Again, read my above comments. You can never say that the frequency is zero, because you can't sample all individuals. Prior to the recent discovery of lactase persistence, we would have guessed that we'd find it in a much lower frequency than today, and ~27% or whatever it was _is_ much lower. We certainly don't expect to never find it; we are bound to find it eventually, and when/where we do we will get a data point binding its time of arrival.

Annie Mouse said...
This comment has been removed by the author.
Dienekes said...

Very good timing.

http://dienekes.blogspot.com/2012/03/neolithic-expansions-how-european.html

In the past we have just agreed to disagree on this.

No, I explained to you why you are wrong, and you repeat the same crap. Fortunately, we now have a good paper which shows how H-bearing farmers assimilated the U-bearing foragers.

Annie Mouse said...

(corrected)
If you look at the actual remains most are more likely to be H than U (CRS).

http://www.buildinghistory.org/distantpast/ancientdna.shtml

U is almost entirely found in the north in burials when the most likely death rituals were air and fire (no remains). They could well be a minority group.

Two of the Paglicci remains are most likely H. The Red "Lady" of Paviland (Wales) is most likely H (CRS).

The oldest undisputed mitochondrial remains from the south are the 10k old H just across the water in North Africa. To early to be neolithic in Europe.

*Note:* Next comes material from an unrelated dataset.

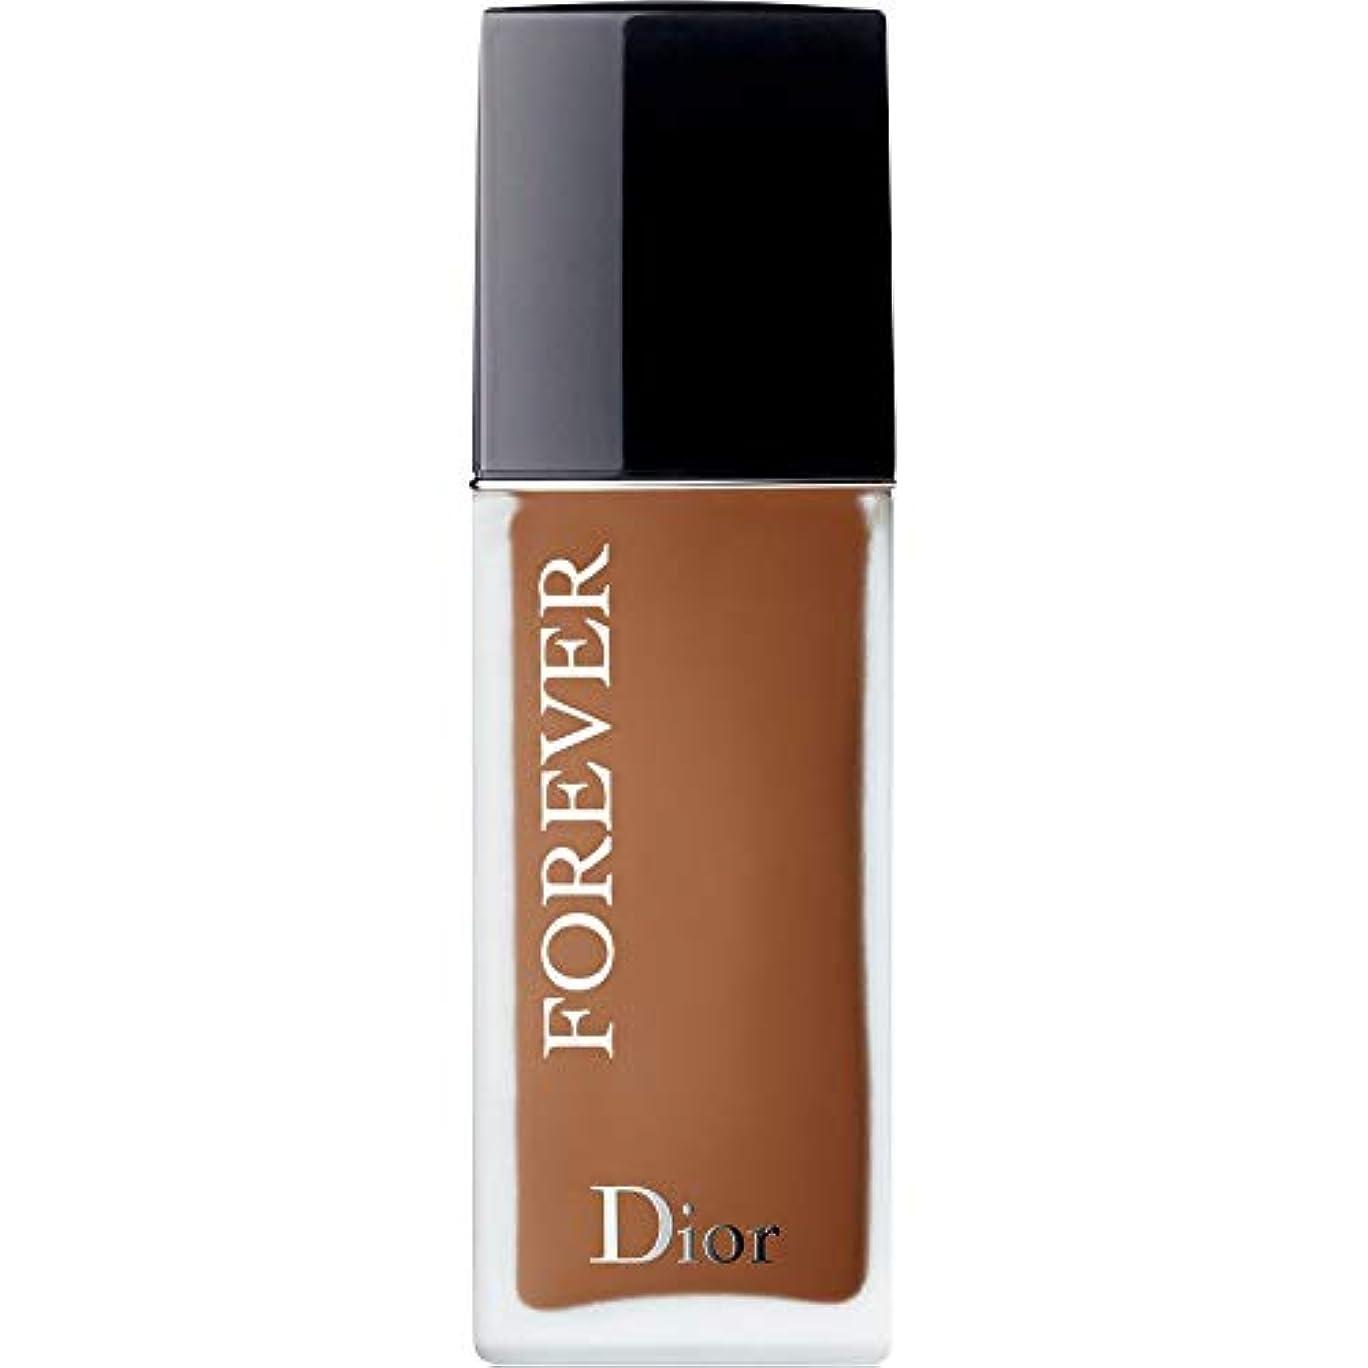 検閲不十分なシリング[Dior ] ディオール永遠皮膚思いやりの基盤Spf35 30ミリリットルの6.5N - ニュートラル(つや消し) - DIOR Forever Skin-Caring Foundation SPF35 30ml 6.5N - Neutral (Matte) [並行輸入品]
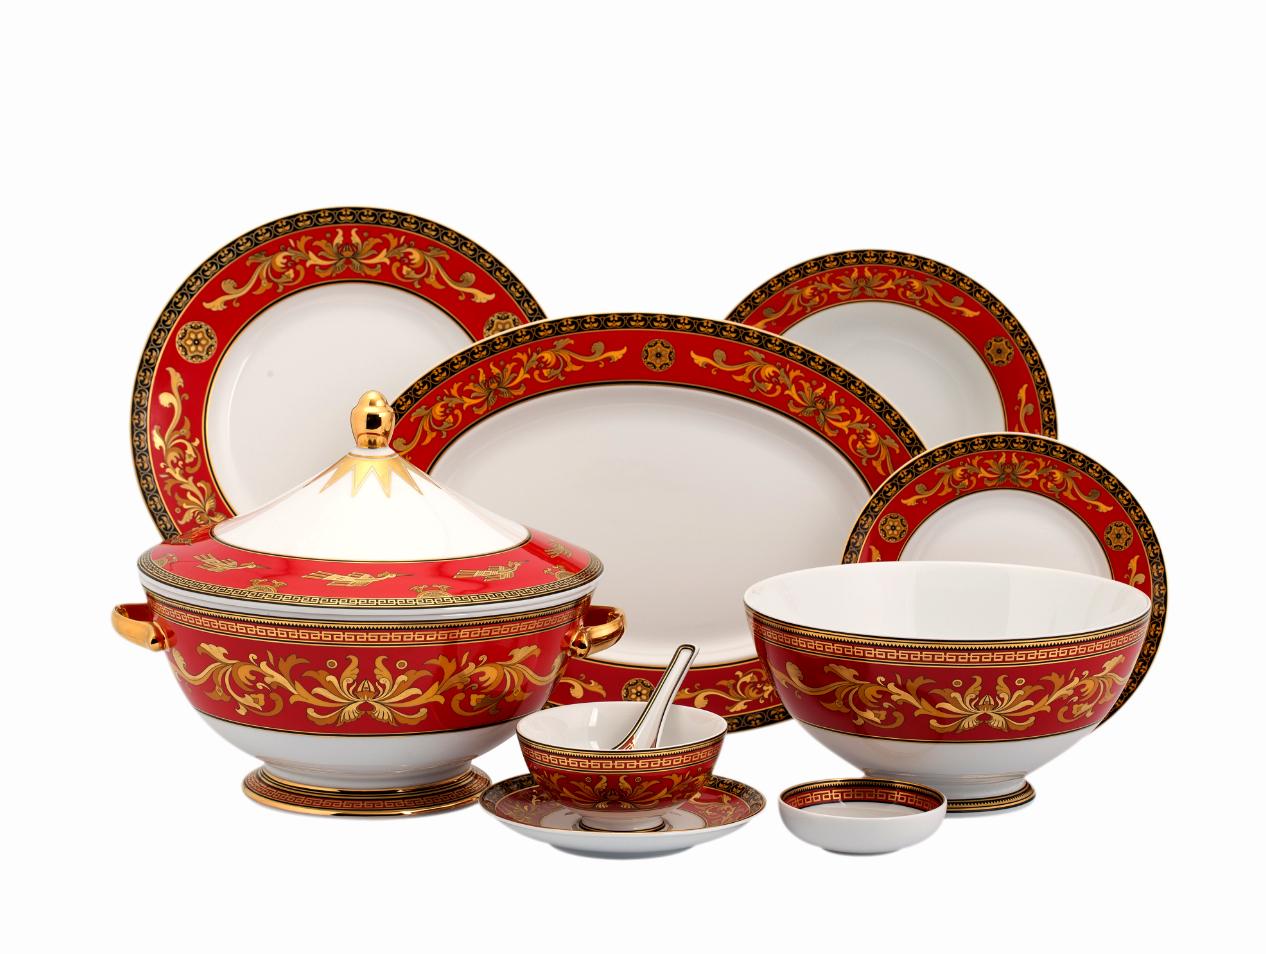 Bộ bàn ăn 30sp Hoàng Cung Quốc sắc 30068 Minh Long

The transitional remains in central Europe tend to be labled paleolithic by if they are rich in U and neolithic if they are not in an exercise of blatant bias.

In the past we have just agreed to disagree on th

Annie Mouse said...

"Fortunately, we now have a good paper which shows how H-bearing farmers assimilated the U-bearing foragers."


Always better to actually read the paper thoroughly before proclaiming its virtues. This paper extols an expansion starting 13kya and ending by about 7kya. Before the neolithic arrived in Europe.